If I said that I work with homeless people six days a week, providing them with food and shelter and clothing and praying for their needs on my knees with godly fervor–but that I had no objection to those who, in pity for their plight, went hunting on the seventh day and shot them in the head to put them out of their misery, you might feel as though I am not really quite as “prolife” as a I claim to be.
Yet many people imagine that when a politican says he is only in favor of allowing Planned Parenthood to kill the right sort of babies–and only out of pity for them–he is prolife. This illustrates one of the little confusions that some people are prey to concerning the meaning of the term “prolife”.

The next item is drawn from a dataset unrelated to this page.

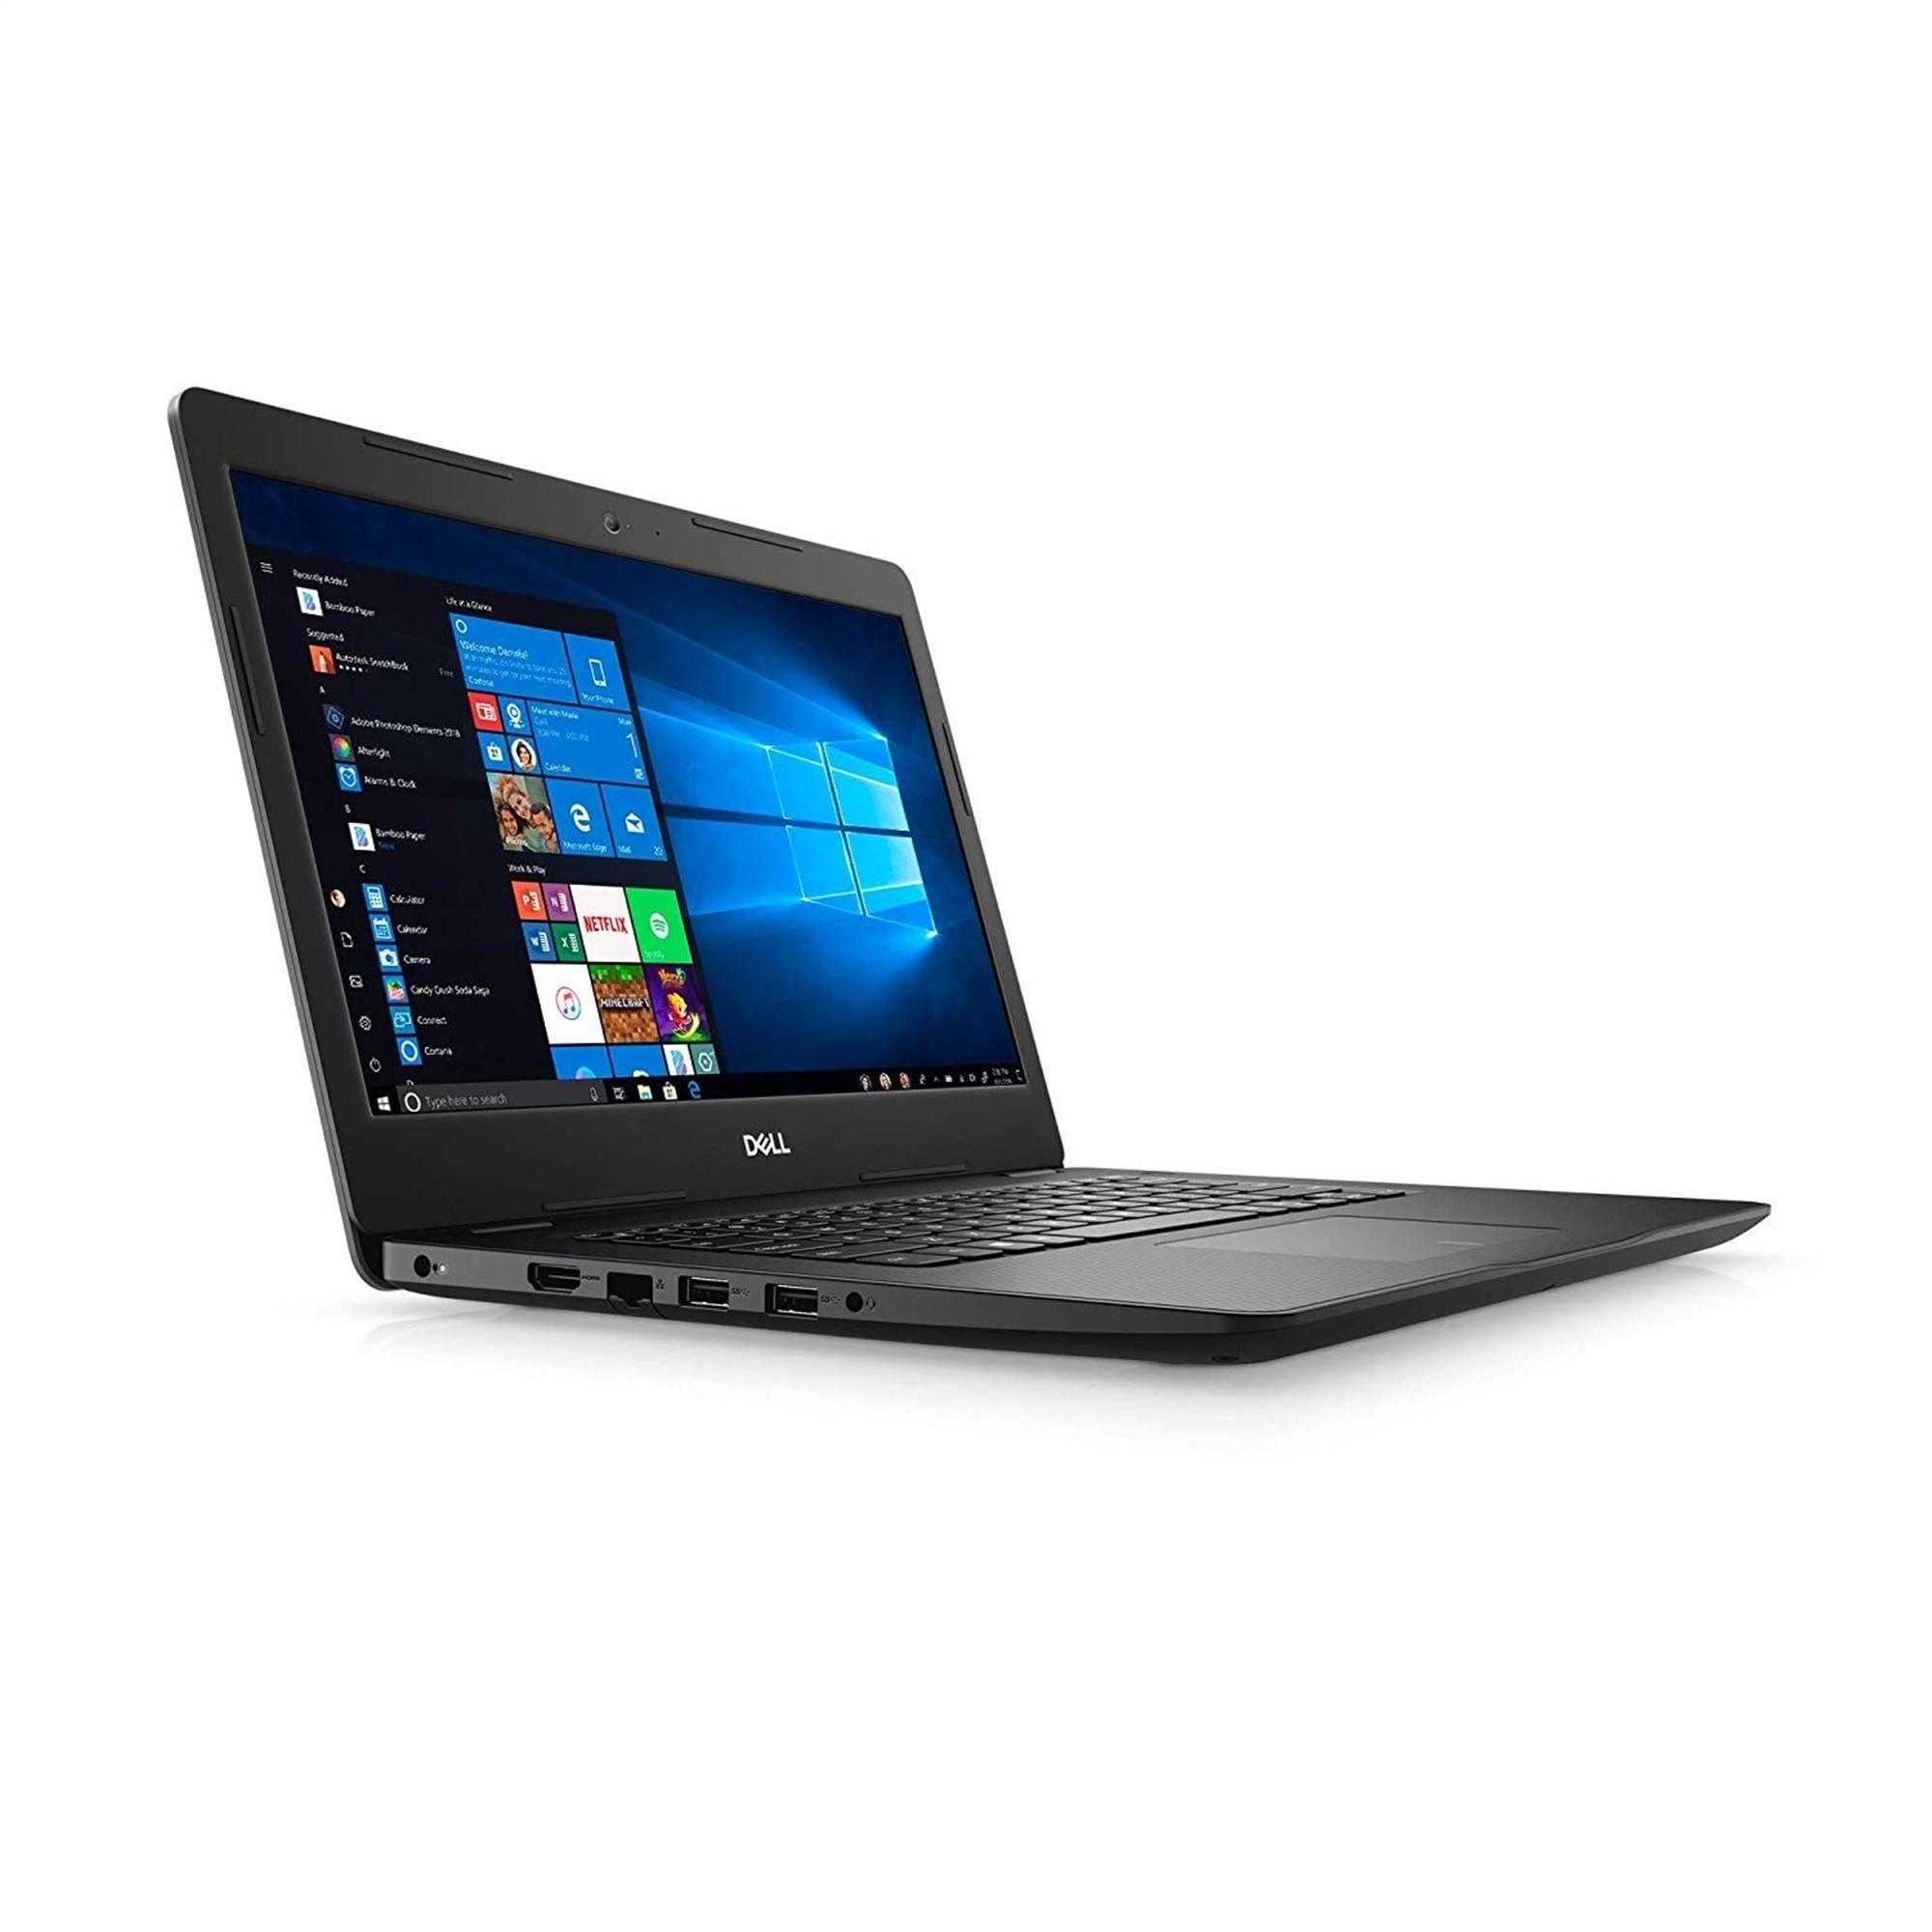 Dell Inspiron 14 3493 14-inch (2019) - Core i3-1005G1 - 4 GB - SSD 128 GB
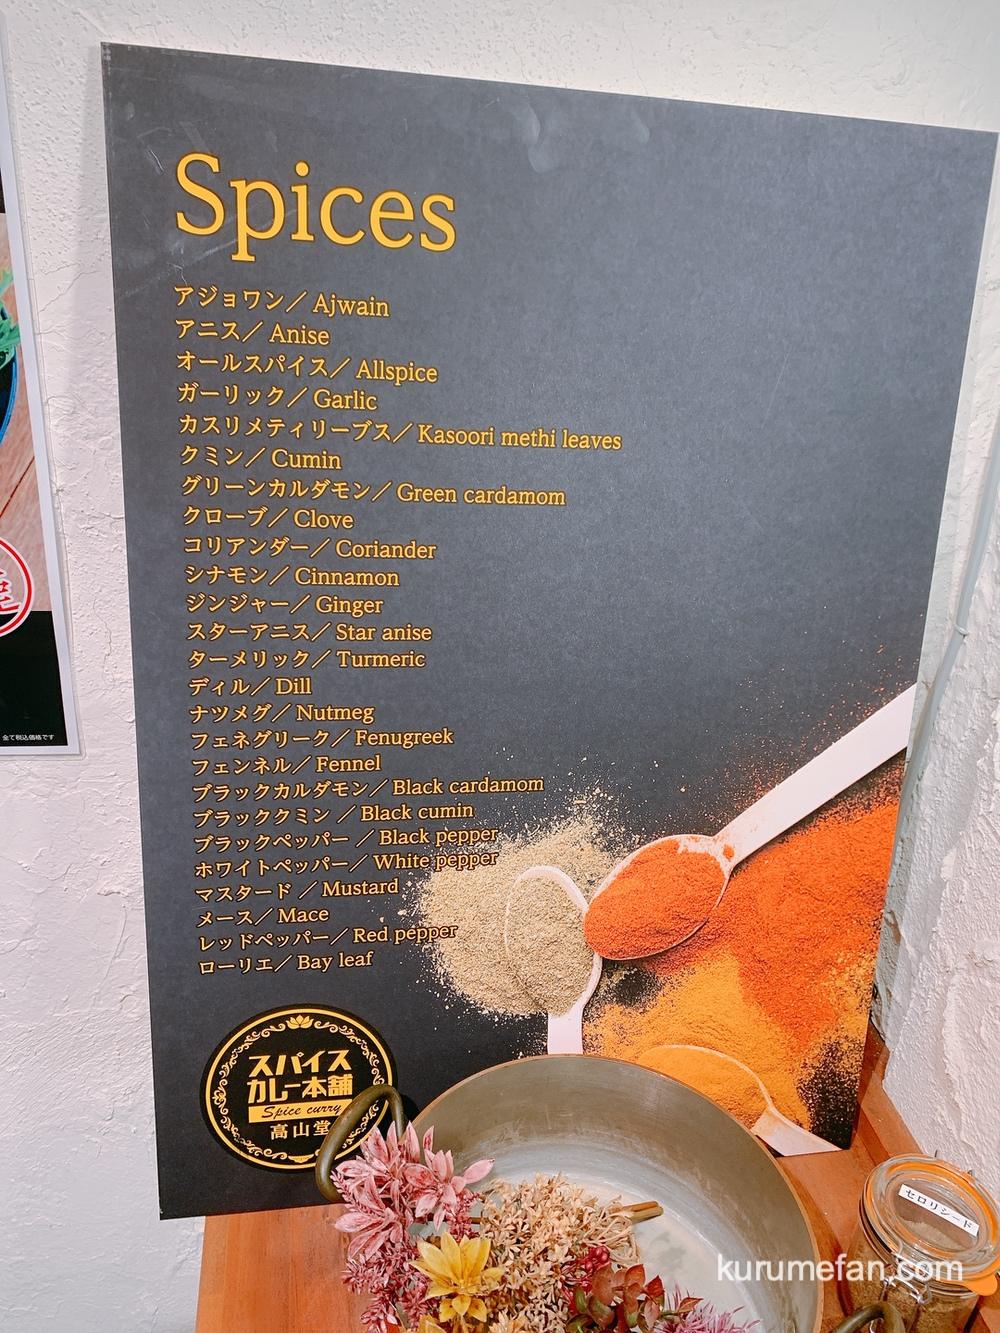 スパイスカレー本舗 高山堂 本場インドから直輸入された25種類のスパイスを使用

In fact, to be prolife means to insist that you can never, under any circumstance, deliberately destroy innocent human life. That’s it. That’s all. And contrary to popular belief, it is possible to be intelligently consistent on that point. When you start saying you *can* deliberately destroy innocent life for some reason, you are no longer prolife. You are simply “anti-abortion in certain cases not inconvenient to your desire for political power.” Your mileage may vary once you start playing that game. Kurt Vorndran, for instance, chronicles one of the more grotesque spectacles in American political life of the past couple of years as “prolife” politics morphed into a Byzantine parody of itself by suffering major mission creep:
Massachusetts Citizens for Life, the state affiliate of the National Right to Life Committee, endorsed Pro-Abortion Senator Scott Brown for re-election. While Senator Brown strongly supports abortion rights, he is opposed to national health care and to campaign finance reform. His positions on those two issues was enough for the groups to look aside as to his strong pro-choice views. In reaction to the endorsement, Brown’s campaign manager denied the Senator is pro-life and released a statement from ex-LG Kerry Healey (R), a campaign spokesperson: “Scott Brown is prochoice, and has voted that way in both the State House and the US Senate. He stands in the mold of other New England Republicans like myself who are fiscally conservative and socially moderate” (Levenson, Boston Globe, 8/24).Brown himself reacted to the endorsement by the pro-life group in stating, “I believe that Roe v. Wade is the law of the land, and that a woman should be able to make what is a very personal and difficult decision in consultation with her doctor and family. … In the Senate, I’ve backed up my words with action. I believe it is wrong that women in the military who suffer the horrible tragedy of rape currently have to pay for their own abortions. … I’ve been blessed to be surrounded by strong and ambitious women. I am a better senator for it, and I will continue to fight to advance issues important to their health, safety and equality” (Berkshire Eagle, 8/24).For Mass. Citizens for Life, none of that seems to matter, so long as the Senator opposes health care for all and campaign finance reform.